Thursday, 5 December 2013
Some of you will know what my past few weeks have been like. Some of you won't. I'm not writing this to share that, but I will say they have been exceedingly difficult.
For now I want to share this:
The Lord is my shepherd, I shall not be in want.
He makes me lie down in green pastures, he leads me beside quiet waters, he restores my soul. He guides me in paths of righteousness for his name's sake.
Even though I walk through the valley of the shadow of death, I will fear no evil, for you are with me; your rod and your staff, they comfort me.
I will stand. I will be held up when I cannot stand. If it were not for God I would not be alive.
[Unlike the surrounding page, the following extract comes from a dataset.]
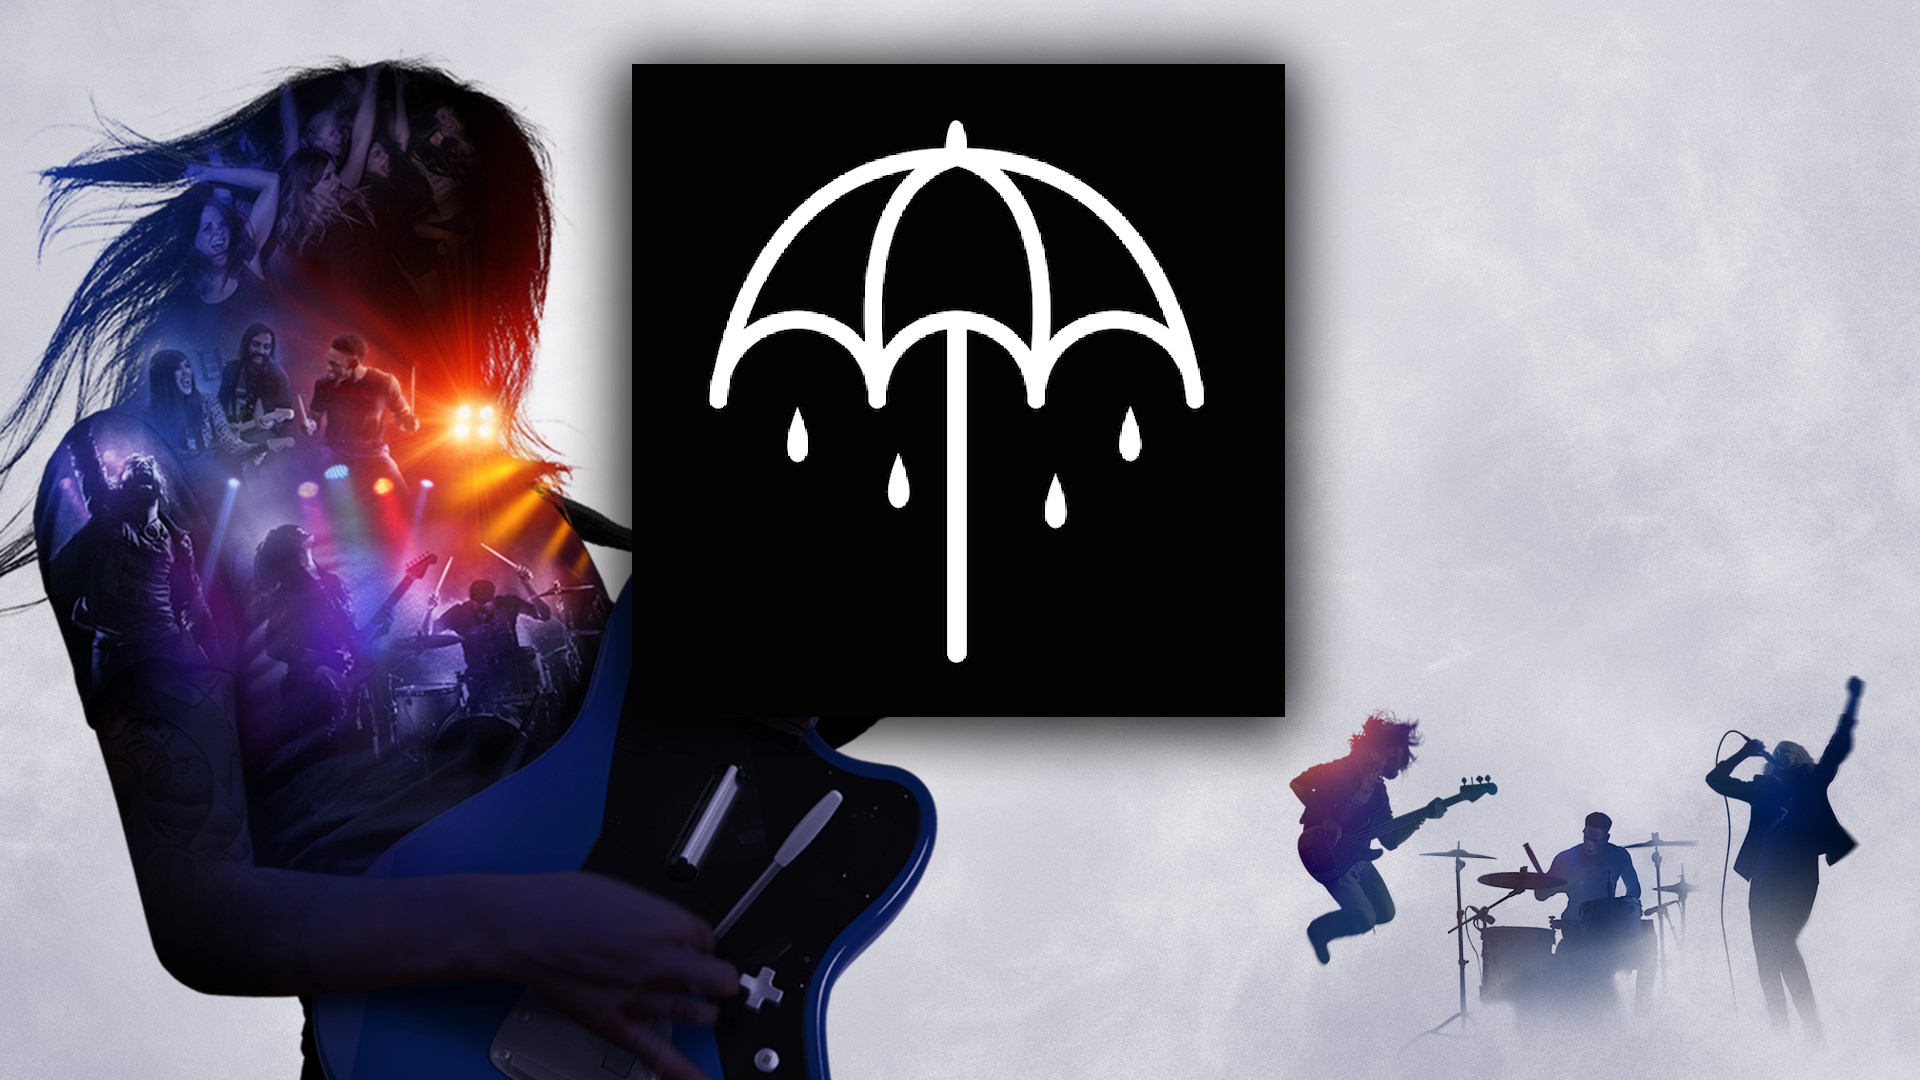 Bring the song. Bmth Happy Song. Ава bmth. Bring me the Horizon обои на телефон. Bring me the Horizon Happy Song.

The last couple of weeks, have been deeper into the valley than I ever thought I'd go, and I am scared almost all the time, but that doesn't mean I can't stand, even with the fear, and declare that God is with me. But Jesus has died and rose again, he has paid the price for me to lie down in green pastures and be beside quiet waters, and have restoration for my soul. He will guide me, and be with me, even in the shadow of death.
I'm not writing this because I fully understand, or think I've got it sorted now. I'm writing this because I need to remind myself that although I can barely stand, although I am in deaths shadow, although the pain is more than I can bear, Jesus has paid the price and he is alive and all that is promised as a result of it will come, and until that day I will never be alone, even in my darkest suffering.